Der Zweifel – Engelchen oder Teufel?
Ein Großteil meiner Beziehungen ist in die Brüche gegangen, weil irgendwer angefangen hat zu zweifeln. Insbesondere der Zweifel an der Treue eines Partners ist wie Gift für eine Beziehung. Aber auch der Zweifel an der Ehrlichkeit eines Partners und der Zweifel an der Zuverlässigkeit eines Partner können dazu führen, dass man kein Vertrauen mehr in diese Person hat oder das Vertrauen zumindest angeknackst wird. Und ist erst einmal das Vertrauen nachhaltig gebrochen, ist der Untergang einer Beziehung schon besiegelt, wenn nicht beide Partner daran arbeiten, die Beziehung noch zu retten und das Vertrauen wieder zurückzugewinnen.
In meinem Falle kann ich absolut keine Tipps geben, wie man mein Vertrauen oder ich das Vertrauen einer Person wieder gewinnen kann. Denn der Zweifel wirkte bei mir immer wie eine self-fulfilling prophecy. D.h. selbst wenn meine Zweifel unberechtigt waren, so hat mein Verhalten, das durch den Zweifel geboren wurde, dazu geführt, dass sich meine Zweifel bestätigten. Konkret: Ich stelle die Person in Frage und in meiner Wahnvorstellung – bei der ich mir rückblickend immer noch nicht sicher bin, bei welchen Personen mein Zweifel tatsächlich eine Wahnvorstellung war – sehe ich bei jeder Tat und jedem Wort, die/das mich nur annähernd bestätigen könnte, meine Zweifel wieder. Das man sowieso immer nur die Person aus der eigenen subjektiven Sicht sehen kann, war mir schon vorher klar. Aber dass meine Einbildung „ich wüsste besser als die betroffene Person, wer sie sei“ dafür sorgt, dass ich sogar die Fähigkeit verliere, diese Einbildung zu reflektieren, wird mir – wenn überhaupt – erst im Nachhinein klar.

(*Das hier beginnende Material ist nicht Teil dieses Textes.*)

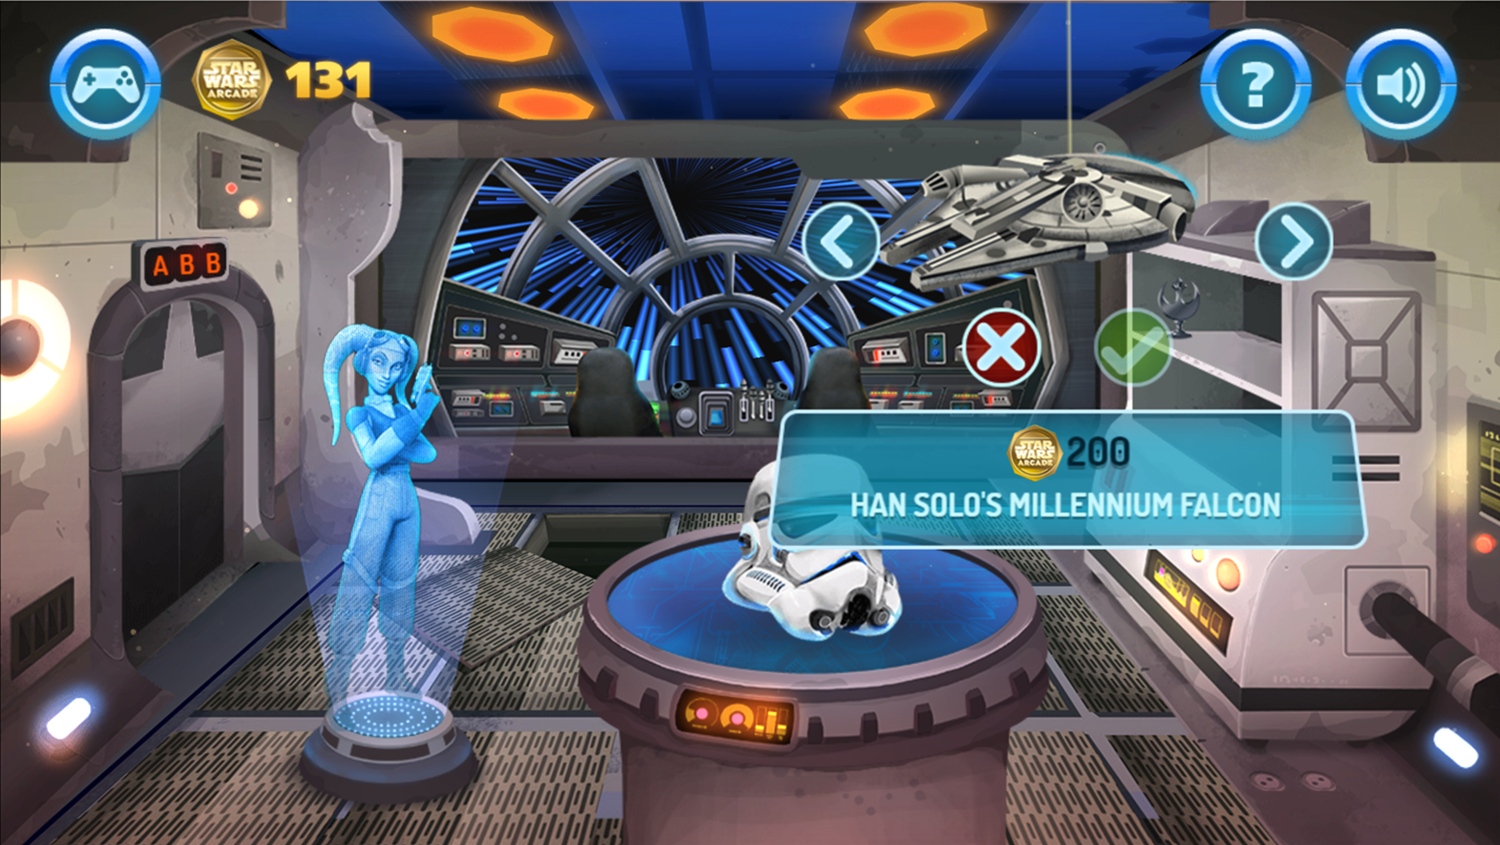 Star Wars Arcade Trophy Room Screenshot.

Aber ich kann mir nicht vorstellen, dass wir Menschen eine solche Fähigkeit nicht entwickelt hätten, wenn es hierfür nicht auch einen sozialen oder psychologischen Zweck gäbe. Ich denke, der psychologische Vorteil liegt auf der Hand: Selbstschutz. Der Zweifel soll einen davor bewahren, in eine ungewollte Situation zu geraten und sich nicht von anderen Personen hinters Licht führen zu lassen. Zum Beispiel ist eine meiner Eigenschaften, dass ich zwar auf der einen Seite das Leben so annehme, wie es kommt, aber auf der anderen Seite auch nicht meine kostbare Zeit nicht verschwenden will. Wenn also eine Person in Zukunftsperspektive nicht meine Erwartungen erfüllen kann, hilft mir der Zweifel, dass ich das schon im Vorfeld durchschaue. Unpraktisch jedoch, wenn die Erwartungen zu hoch gesetzt werden und niemand diese erfüllen kann – was mir zum Glück inzwischen nicht mehr passiert.
Sozial gesehen ist es natürlich wichtig, über seine Zweifel und Ängste zu reden. Auch wenn diese unbegründet sind, so zeigen sie dem Gegenüber auf, welche Erwartungshaltung und Bedenken man hat. Wenn man hier eine gute Kommunikationsform hat und die Sorgen ernst nimmt, glaube ich, dass das eine Beziehung verbessern kann. Während die einen lernen müssen, mit ihren Erwartungen umzugehen und nicht paranoid zu werden, müssen die anderen die Zweifel des Partners – selbst wenn sie unberechtigt sind – aufnehmen können sowie ihr Verhalten reflektieren, inwiefern die Bedenken doch berechtigt sind. Wenn alle sich auf diese Weise weiterentwickeln, verändert sich auch die Beziehung: Die Gefahr, dass man sich auseinanderlebt, wird minimiert und das Gefühl, den anderen „wirklich“ zu kennen, stärker ausgeprägt.
Seitdem ich aufmerksamer versuche, die Zweifel und Ängste von meinen Liebhaberinnen herauszuhören, bevor sie zu einem Drama werden, und auch selbst mehr darauf achte, wie angebracht meine Erwartungshaltung ist, ist mir bisher keine Beziehung mehr kaputt gegangen. Ob dies aber an meinem neuen Umgang mit Zweifeln liegt, kann ich jedoch nicht sagen. Die Zeit wird’s zeigen.